══ Data excerpt
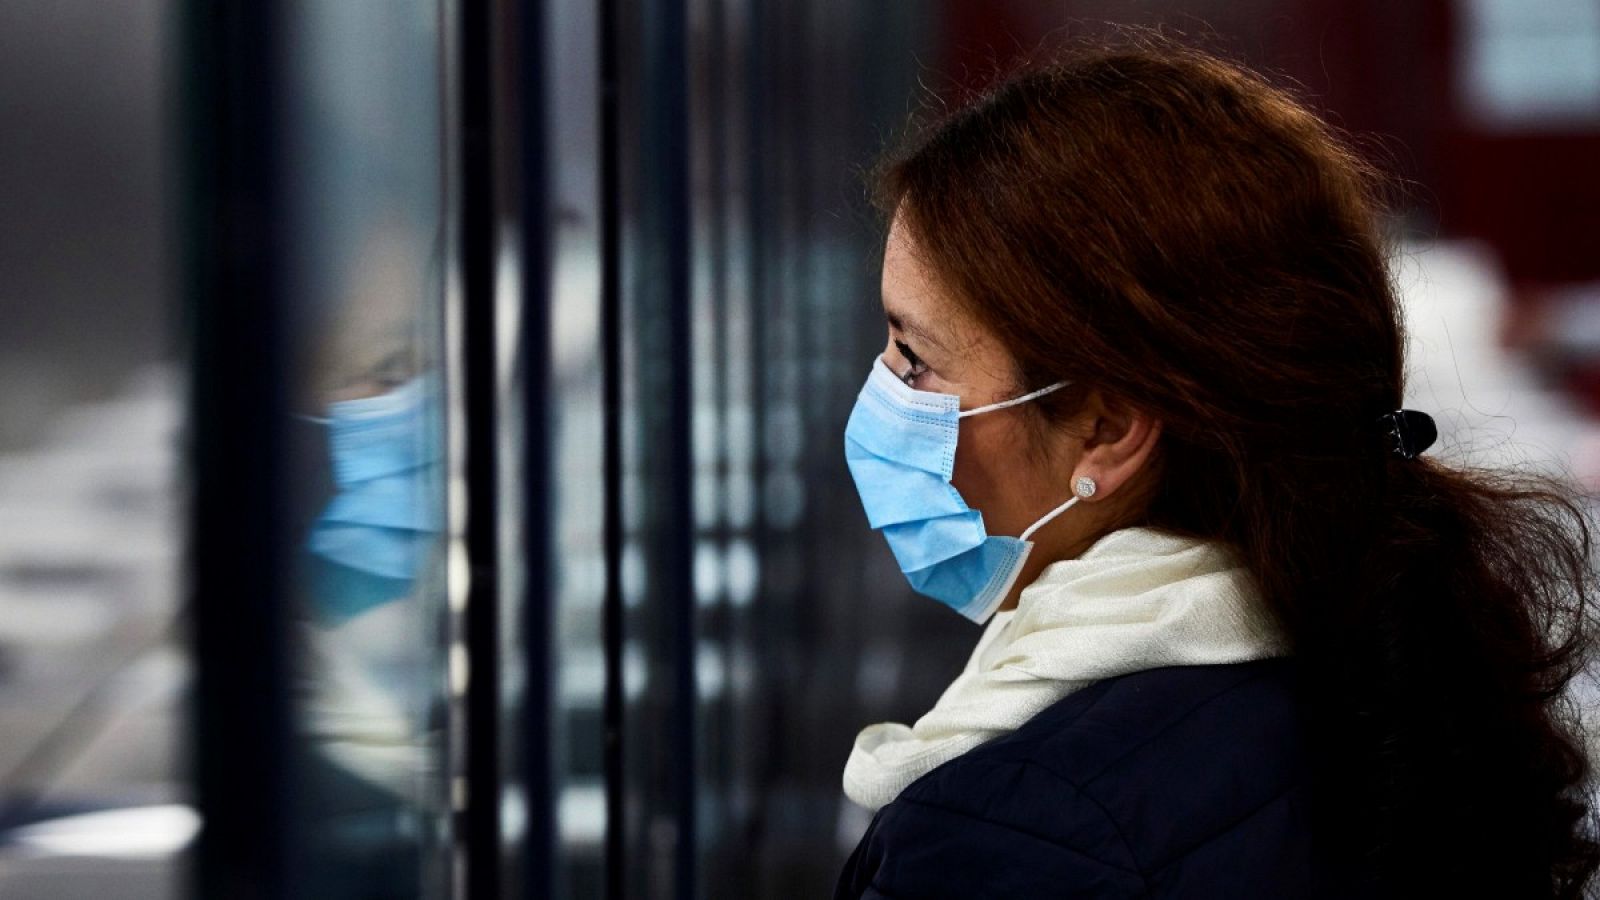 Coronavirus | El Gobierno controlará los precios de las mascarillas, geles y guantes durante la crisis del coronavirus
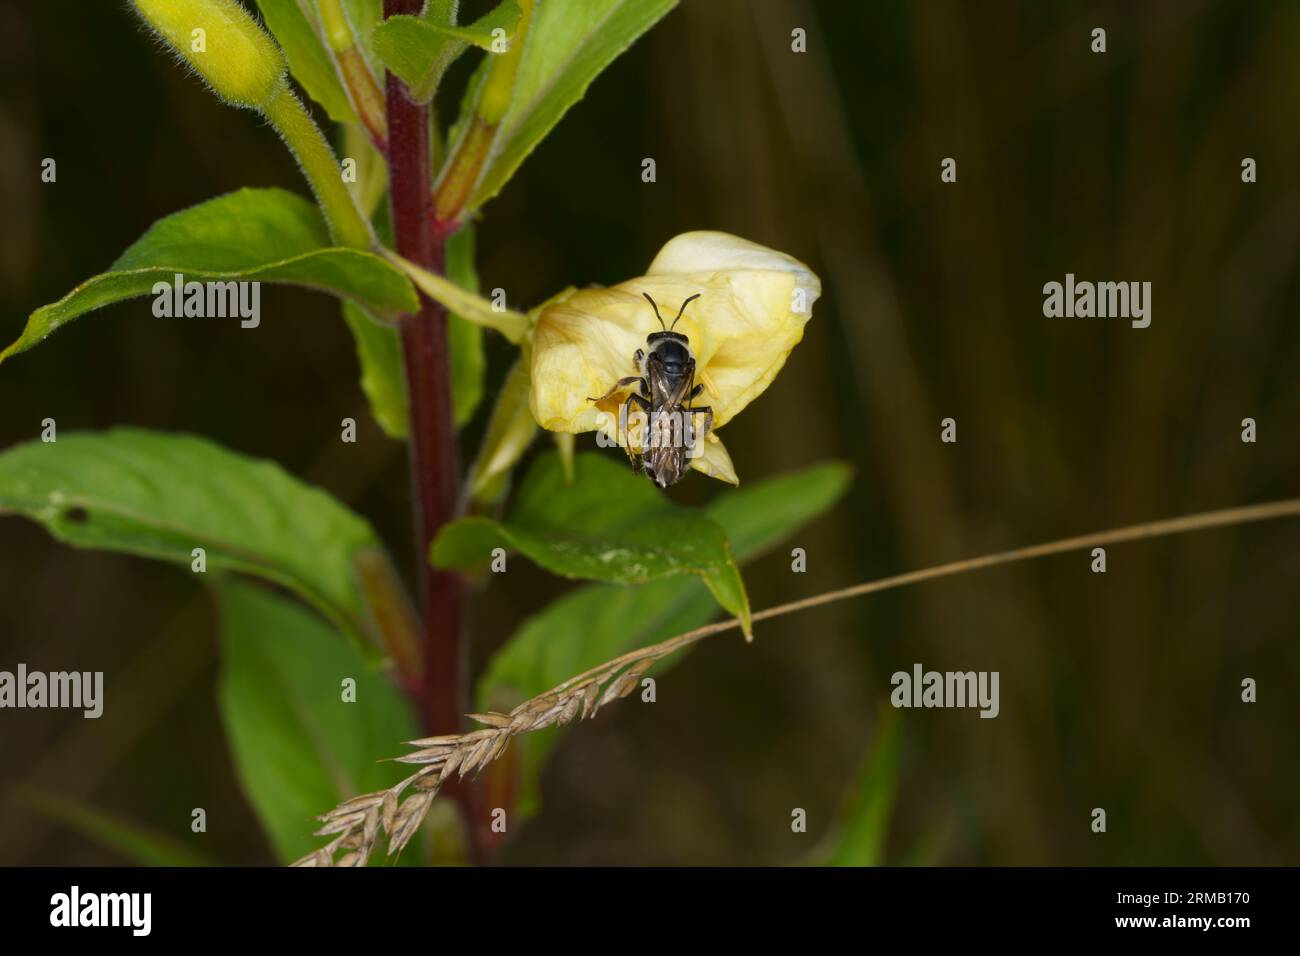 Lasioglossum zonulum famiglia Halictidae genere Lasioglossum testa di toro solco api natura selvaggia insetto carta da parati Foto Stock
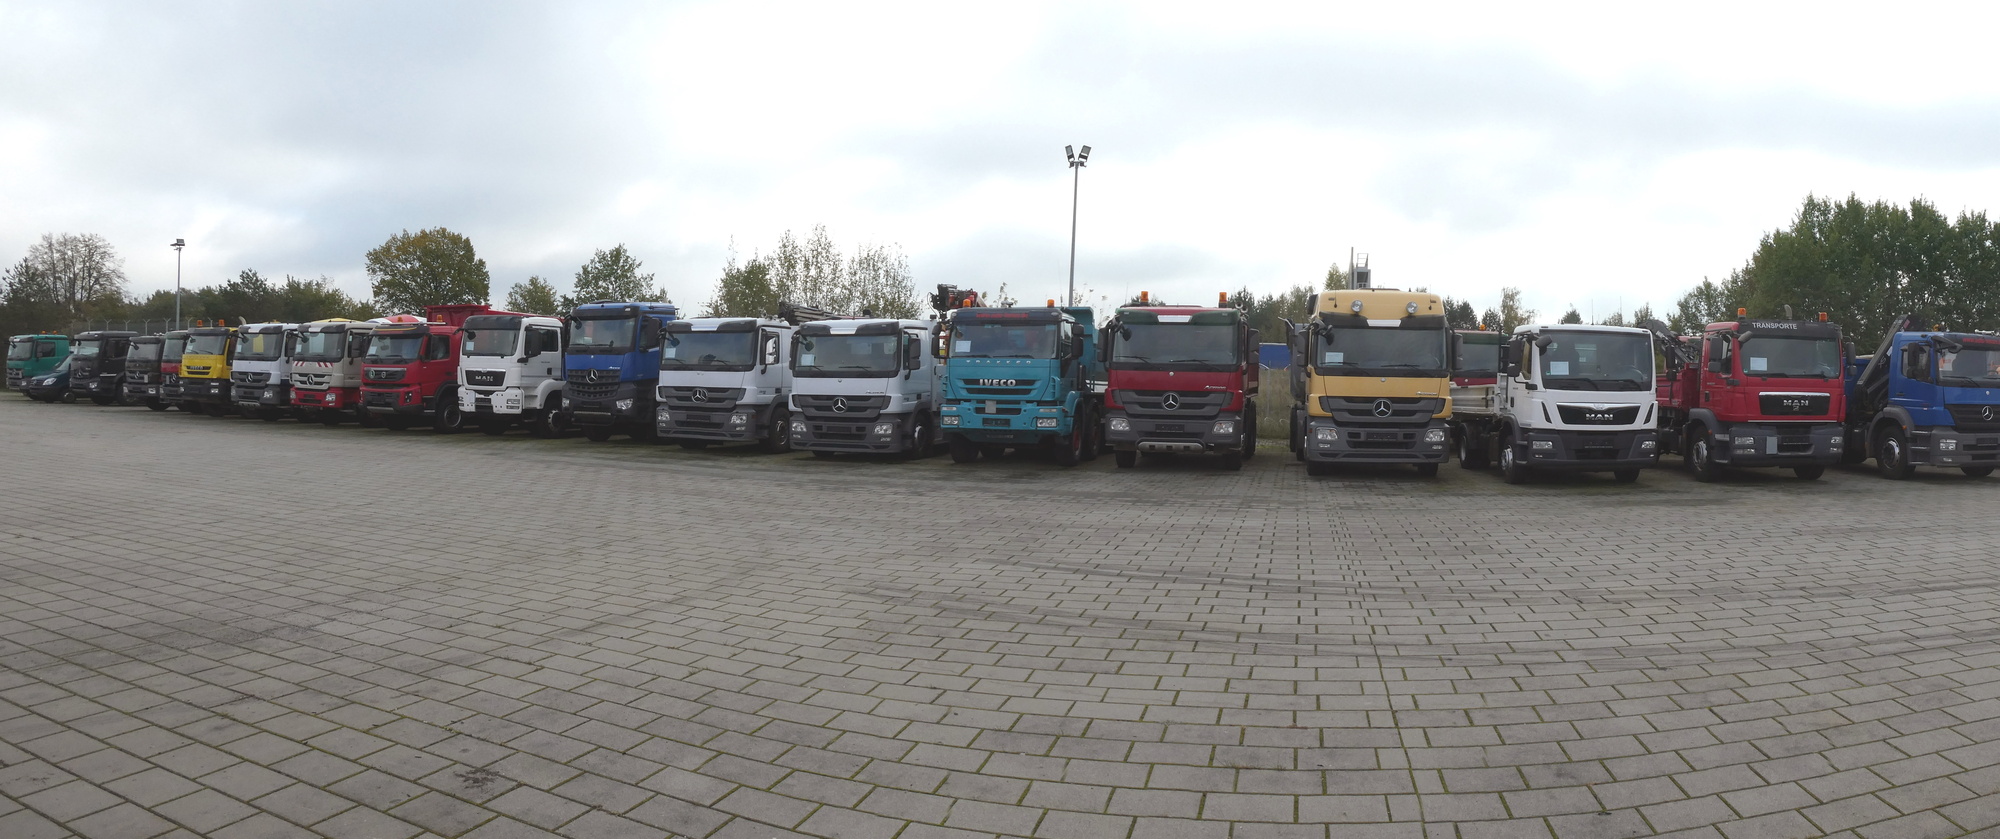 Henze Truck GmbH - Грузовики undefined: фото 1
════
> [Work to be completed]: What you produce should repeat the data word for word while omitting all images.

> [Result below]:
 Coronavirus | El Gobierno controlará los precios de las mascarillas, geles y guantes durante la crisis del coronavirus
 Lasioglossum zonulum famiglia Halictidae genere Lasioglossum testa di toro solco api natura selvaggia insetto carta da parati Foto Stock
 Henze Truck GmbH - Грузовики undefined: фото 1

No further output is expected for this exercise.